Visualization: An automated tool renders the Prolog knowledge base as a directed graph, supporting qualitative inspection and structural validation.

Experimental Evaluation

The system was empirically evaluated using Claude Sonnet 3.7 and GPT-4.1, focusing on both factual accuracy and structural expressiveness.

Quantitative Verification

A statistical hypothesis test was conducted on 250 randomly sampled Prolog assertions across 25 topics in history, literature, and philosophy. The results are as follows:

Claude Sonnet 3.7: Achieved 99.2% factual accuracy (±1.1%), with a p-value of 1.6e-14, allowing strong rejection of the null hypothesis that accuracy is ≤80%.
GPT-4.1: Achieved 99.6% factual accuracy (±0.8%), with a p-value of 4.9e-15. No statistically significant difference was found between the two models (p=0.56).

These results demonstrate that, when constrained by domain and validated by experts, LLM-derived knowledge bases can achieve high factual reliability.

Qualitative Analysis

The system's behavior was analyzed across varying expansion depths using the topic "Plato" as a case paper. The resulting knowledge graphs exhibited coherent ontological structures, capturing both core philosophical concepts and biographical data. Comparative analysis with different LLMs (e.g., Grok 3) revealed both overlap and divergence in extracted concepts, highlighting the potential for ensemble approaches or cross-model validation.

Executability

All generated Prolog files were successfully loaded and queried in SWI-Prolog, confirming the syntactic and semantic robustness of the pipeline across diverse topics and LLMs.

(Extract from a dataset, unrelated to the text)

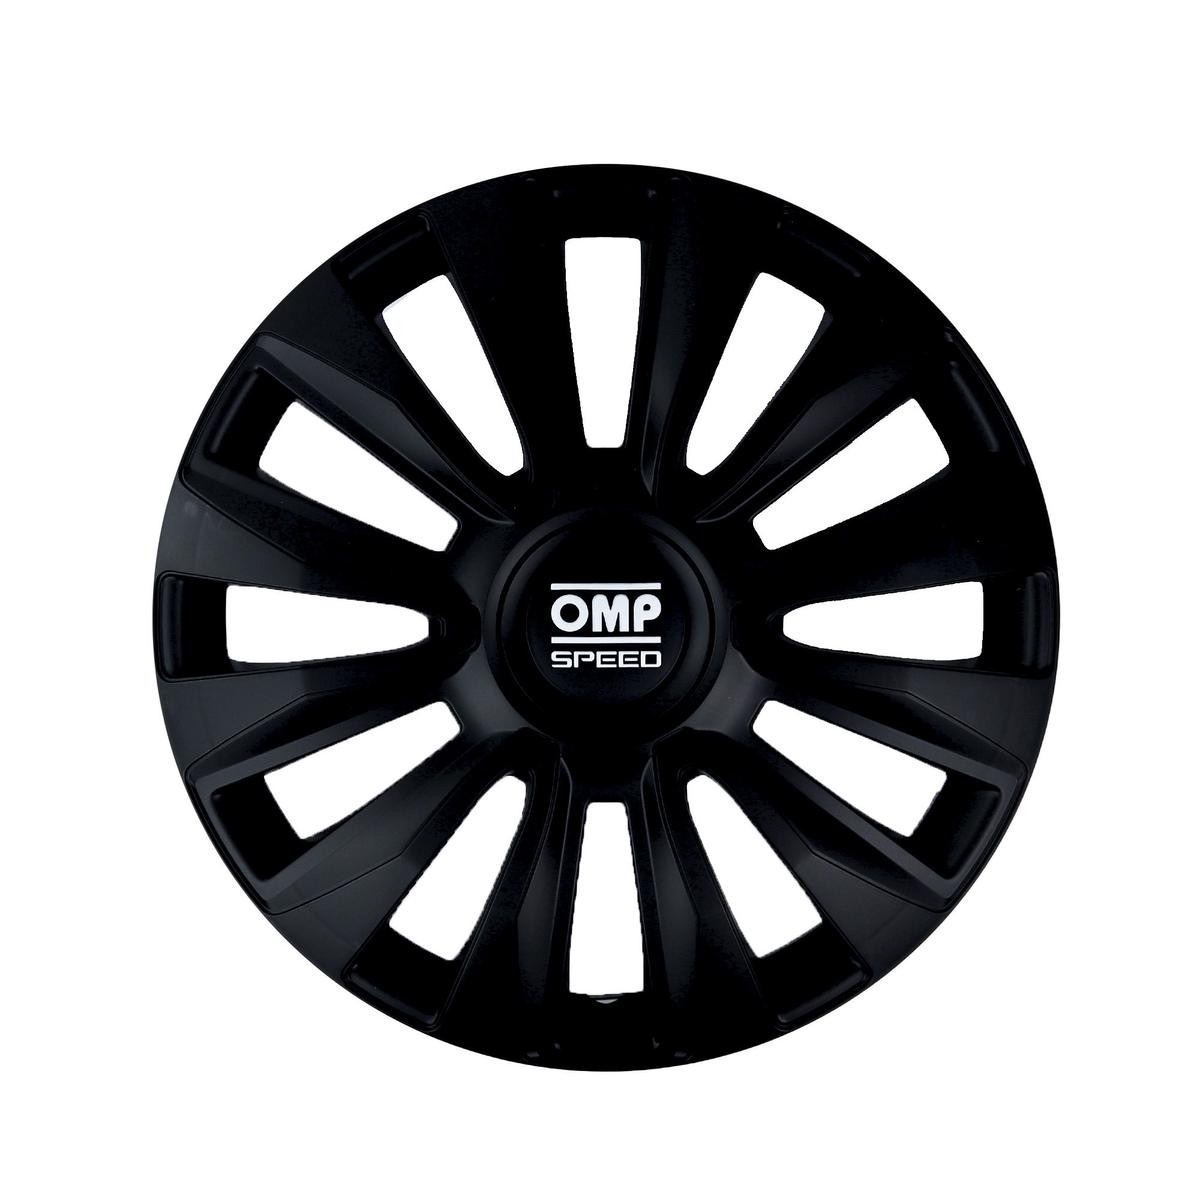 OMP OMPS07011301 Car wheel trims BMW 5 Saloon (F10) 13 Inch black

Implications and Future Directions

The hybrid methodology outlined in this work has several significant implications:

Practical Deployment in Sensitive Domains: By combining the recall and generative breadth of LLMs with the precision and transparency of symbolic systems, the approach is well-suited for applications in medicine, law, education, and other fields where explainability and verifiability are non-negotiable.
Human-AI Collaboration: The symbolic encoding facilitates expert oversight, enabling iterative refinement and correction of the knowledge base, and supporting deterministic, auditable inference.
Scalability and Modularity: The system's parameterization allows for flexible adaptation to different domains and knowledge granularities, supporting both lightweight and richly structured expert systems.
Mitigation of LLM Hallucinations: By constraining the domain and enforcing human validation, the approach directly addresses the epistemic limitations of LLMs, providing a practical pathway to trustworthy AI.

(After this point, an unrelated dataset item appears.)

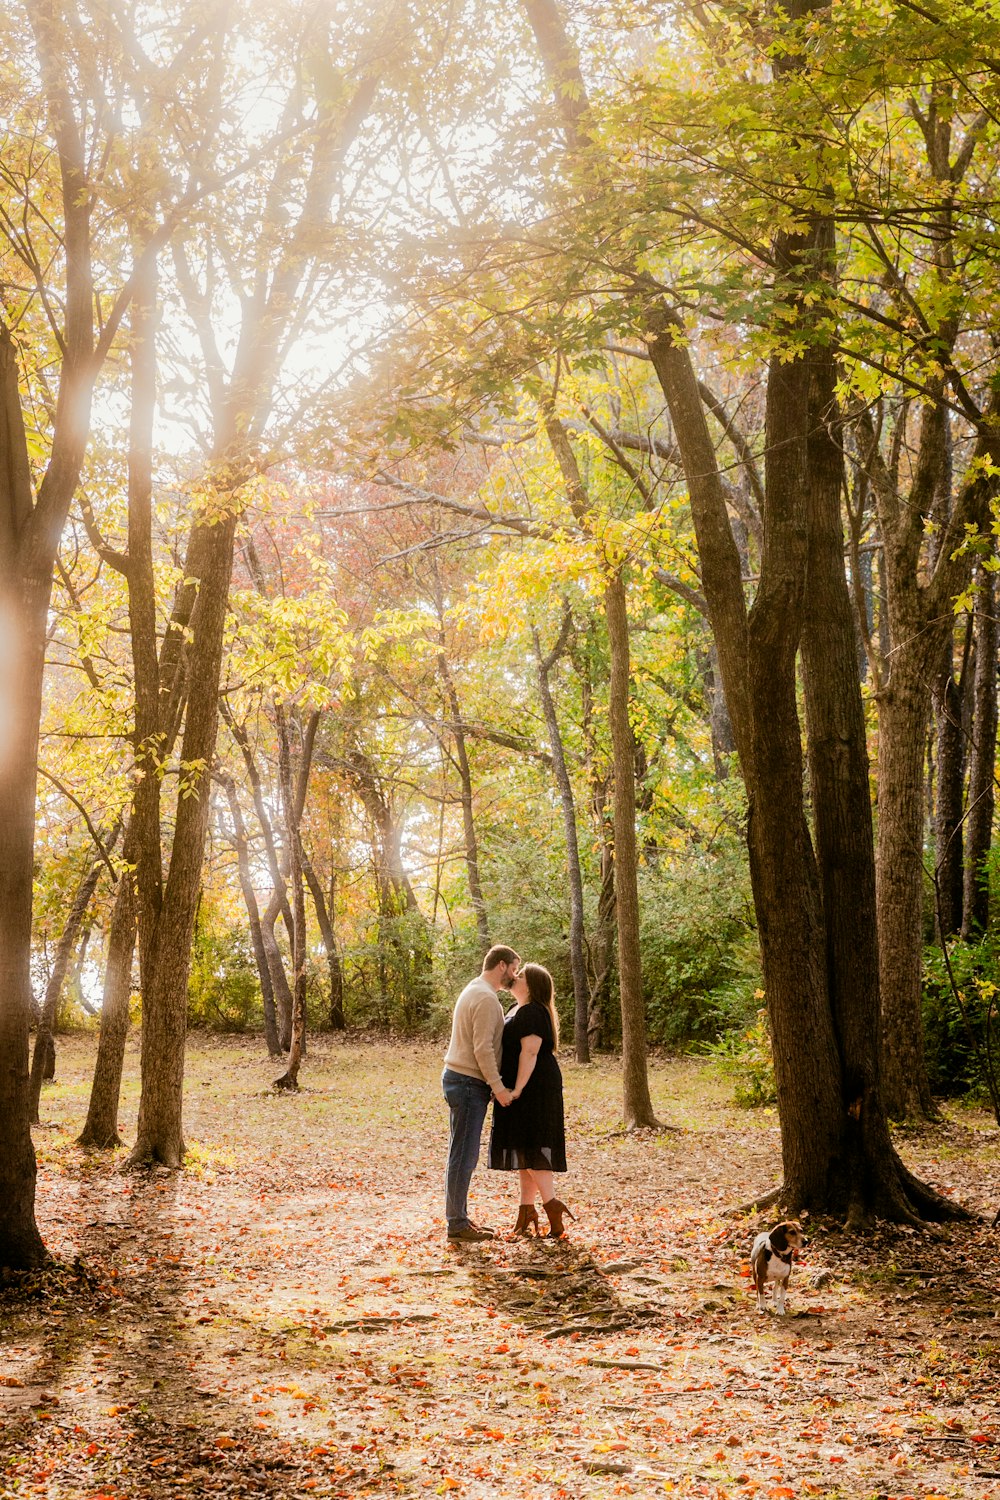 ein Paar küsst sich im Wald, umgeben von Bäumen

Potential avenues for future research include:

Cross-Model Knowledge Aggregation: Quantifying the incremental value and diversity of knowledge extracted from different LLMs, and developing methods for entropy-based selection or fusion.
Automated Fact-Checking and Correction: Integrating external knowledge sources and automated verification tools to further reduce the human validation burden.
Extension to Other Symbolic Formalisms: Adapting the pipeline to support alternative logic programming languages or ontological frameworks, broadening applicability.

Conclusion

This work demonstrates that the integration of LLMs and symbolic reasoning systems is not only feasible but also effective for constructing reliable, interpretable expert systems. The empirical results—showing factual accuracy exceeding 99% after expert validation—underscore the viability of this hybrid paradigm. The methodology provides a scalable, transparent, and domain-adaptable framework for deploying AI in contexts where correctness and explainability are essential, and sets a foundation for further advances in the intersection of generative and symbolic AI.